The CostWise Managed Cost Policy (MCP) SDK analyzes your LLM requests, classifies task complexity, and recommends cheaper models and token limits — saving up to 90% on AI costs.

Install

pip install costwise-mcp

Quick Start

from costwise_mcp import CostPolicy

policy = CostPolicy(
    api_key="cw_your_api_key",
    backend_url="https://app.cost-wise.dev",  # your CostWise instance
)

decision = policy.optimize(
    prompt="Translate 'hello' to French",
    model="gpt-5.4",
)

print(decision.recommended_model)  # "gpt-5.4-mini" (70% cheaper)
print(decision.max_tokens)         # 256
print(decision.estimated_cost)     # $0.001154

# Call your LLM with the optimized params
from openai import OpenAI
client = OpenAI()
response = client.chat.completions.create(
    model=decision.recommended_model,
    max_tokens=decision.max_tokens,
    messages=[{"role": "user", "content": "Translate 'hello' to French"}],
)

# Report actual usage (async, non-blocking, optional)
policy.report(decision, actual_tokens=response.usage.total_tokens)

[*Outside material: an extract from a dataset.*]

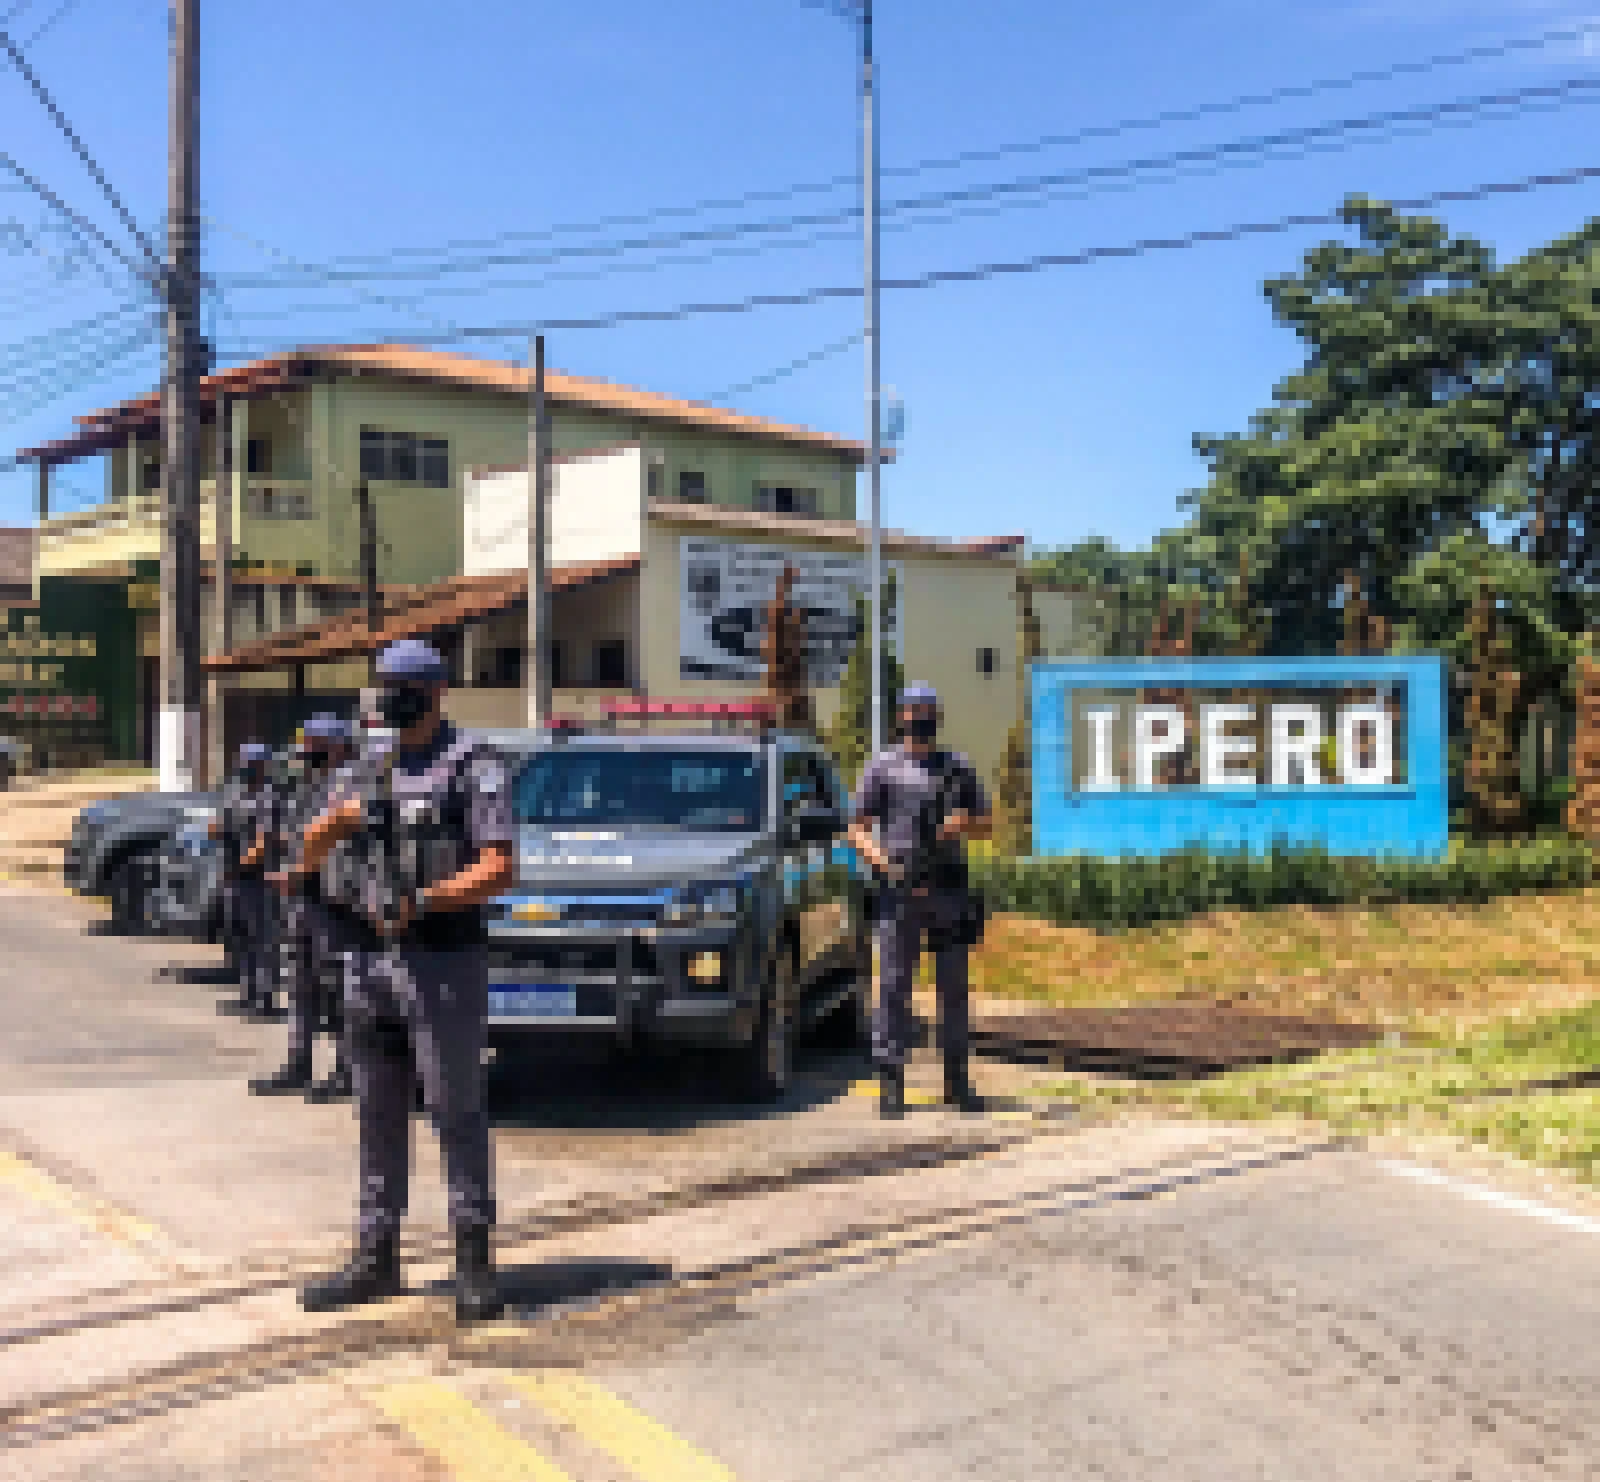 Baep captura procurado pelo crime de tráfico de drogas em Iperó

Team Policies (AI Governance)

Enforce model access and budgets per team:

from costwise_mcp import CostPolicy

policy = CostPolicy(api_key="cw_...", backend_url="https://app.cost-wise.dev")

# Interns: restricted to budget models (tier 3), max $50/month
decision = policy.optimize(
    prompt="Write a summary",
    model="gpt-5.4",      # they asked for premium
    team="interns",        # policy enforces tier 3
)
# decision.recommended_model = "gpt-5.4-nano"
# decision.message = "Team 'interns' restricted to tier 3 models"

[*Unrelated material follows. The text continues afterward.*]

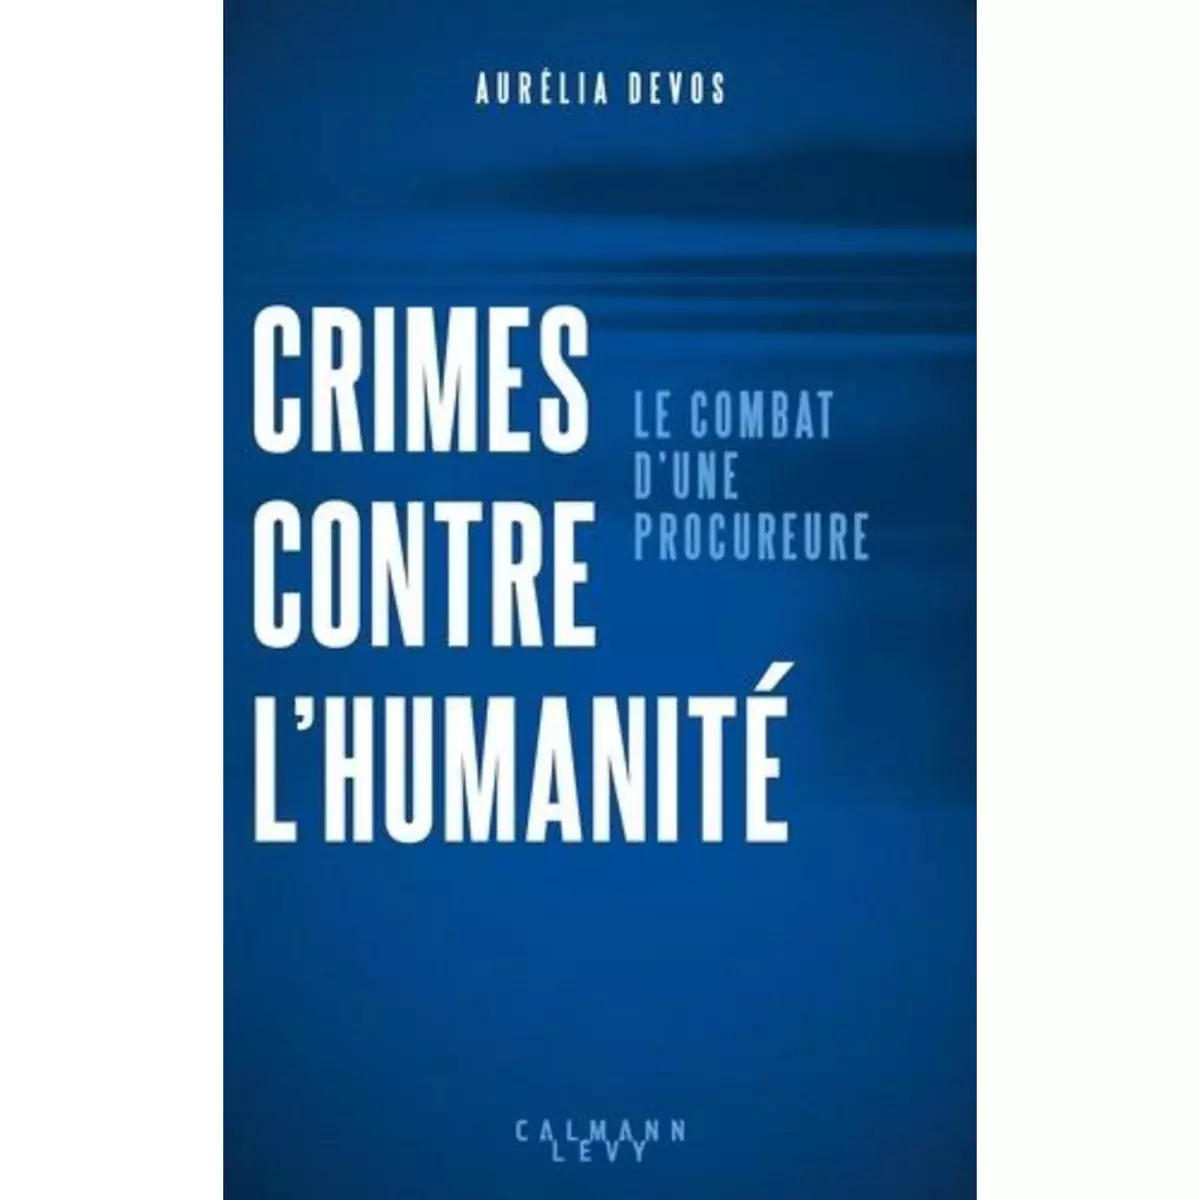  CRIMES CONTRE L'HUMANITE. LE COMBAT D'UNE PROCUREURE, Devos Aurélia

# Engineers: standard tier, $500/month budget
decision = policy.optimize(
    prompt="Debug this code",
    model="gpt-5.4",
    team="engineers",      # policy enforces tier 2
)
# decision.recommended_model = "gpt-5.4-mini"

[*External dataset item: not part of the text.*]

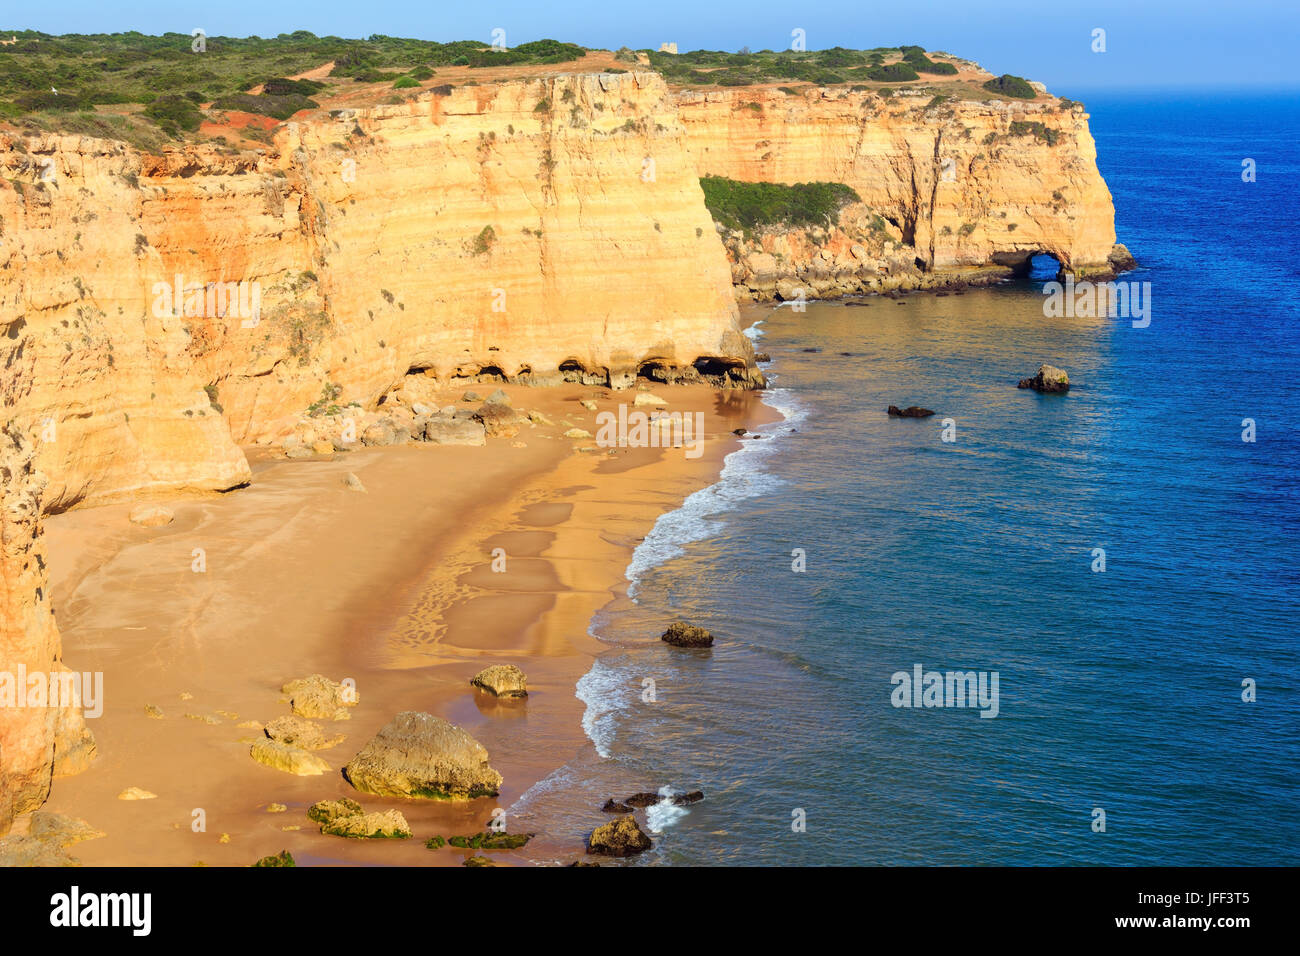 Praia da Afurada (Algarve, Portugal). Stock Photo

# AI Research: full access, no budget limit
decision = policy.optimize(
    prompt="Analyze this architecture...",
    model="gpt-5.4",
    team="ai-team",        # tier 1 = all models allowed
)
# decision.recommended_model = "gpt-5.4" (kept for complex tasks)

Team tier levels

Tier	Access	Example teams
1 — Premium	All models (gpt-5.4, claude-opus-4-6, etc.)	AI Research, CTO
2 — Standard	Mid-tier models (gpt-5.4-mini, claude-sonnet-4-6)	Engineers, Data Science
3 — Budget	Cheapest models only (gpt-5.4-nano, claude-haiku-4-5)	Interns, Support, QA

Configure team policies in CostWise: Settings > MCP Teams.

Error Handling

from costwise_mcp import (
    CostPolicy,
    BudgetExceededError,
    ModelBlockedError,
    TierRestrictionError,
    PolicyViolationError,
)

policy = CostPolicy(api_key="cw_...", backend_url="https://app.cost-wise.dev")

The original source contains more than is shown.